Espero que novas oportunidades sejam anunciadas. Espero pelo ônibus
linha 494. Sentido bairro-centro. Porém, por aí passam várias linhas de ônibus e lotação. Identifiquei o seu roteiro. Prefiro pegar o ônibus 494. O retorno parece ser mais rápido. A tarde continuava chuvosa, e, ao descer na parda no Bairro Bom Fim, a chuva é mais enlouquecida. A gente também fica mais enlouquecido pelos banhos da chuva, das
águas que ficam em poças na beira da calçada, nas ruas, e pelos banhos que tomamos dos ônibus no corredor e dos carros. Já havia escurecido mais e começavam a ser acesas as luzes dos postes e mais veículos andavam com seus faróis acessos. Resultado: chego a casa depois de caminhar uns quinze minutos, com meias, sapato, pasta, calça e guardachuva completamente encharcados. Hoje, mais um dia de chuva. Está bem mais frio do que ontem. A temperatura tende a cair mais, e a noite será muito, mas muito mais fria. Lembrei-me logo de você. Ah, minha querida, minha amiga! Na serra deverá ser muito frio. Sei o quanto faz frio por lá, por isso preferi ir embora da minha terra natal – Antônio Prado. Prefiro temperaturas mais agradáveis, mesmo quando faz aquele calorão insuportável no verão em Porto Alegre.

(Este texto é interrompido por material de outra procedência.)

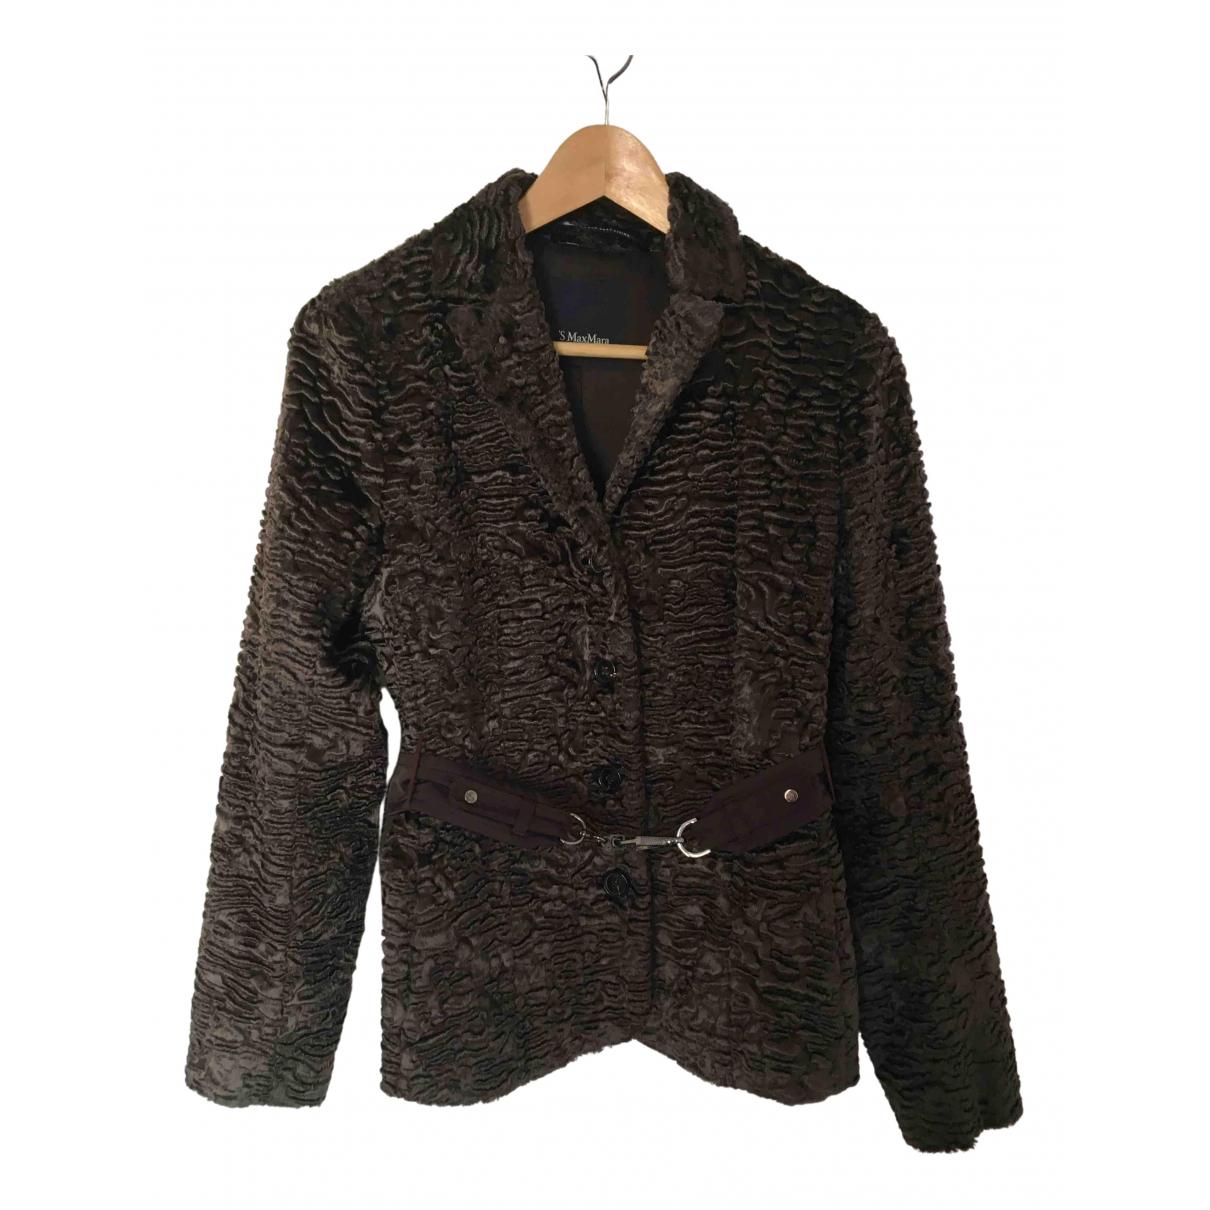 Max Mara 's \N Brown jacket for Women 36 FR

Eu não gosto de frio, minha amiga, Maria Eduarda. Agora, quando me lembro de você, estamos juntos a ler na caixa de lenha, fogão acesso, a chaleira que chia, o chimarrão de mão em mãos, a bata-doce a cozinhar, a panela de pião, a bacia de água quente nos pés, o gorro do Inter, aquela manta a cobrir nossos joelhos... Então, façamos mais uma vez a leitura do livro A Aldeia de Stepántchikovo e seus Habitantes, e que muito tem contribuído para que possamos em detalhes contar o nosso dia a dia e, assim, escrever nossas cartas, como muito bem o fez Dostoiévski, o autor do livro. Tarde, chuvosa, fria e úmida em Porto Alegre, é quintafeira, ano 2014. João Carissimi POA. 27 ago. 2017. Minha querida Maria Eduarda. Hoje, somente agora, pude atualizar as correspondências enviadas. Neste caso, te peço desculpa, caso não tenha sido do teu agrado. Eu entendo! Não se constranja na resposta, até porque eu fiquei um bom tempo sem te enviar qualquer carta – tive outros afazeres. Ah! Fotografar, selecionar, apagar, classificar, nominar, escolher e publicar no site Olhares. Além disso, olhar, observar, curtir, comentar e responder, as fotos dos meus amigos da comunidade Olhares, de certa forma me deixa muito ocupado - meu coração, o espírito e a minha mente. Em outro momento, Maria Eduarda, tenha certeza escreverei. Até então ou depois, minha amiga.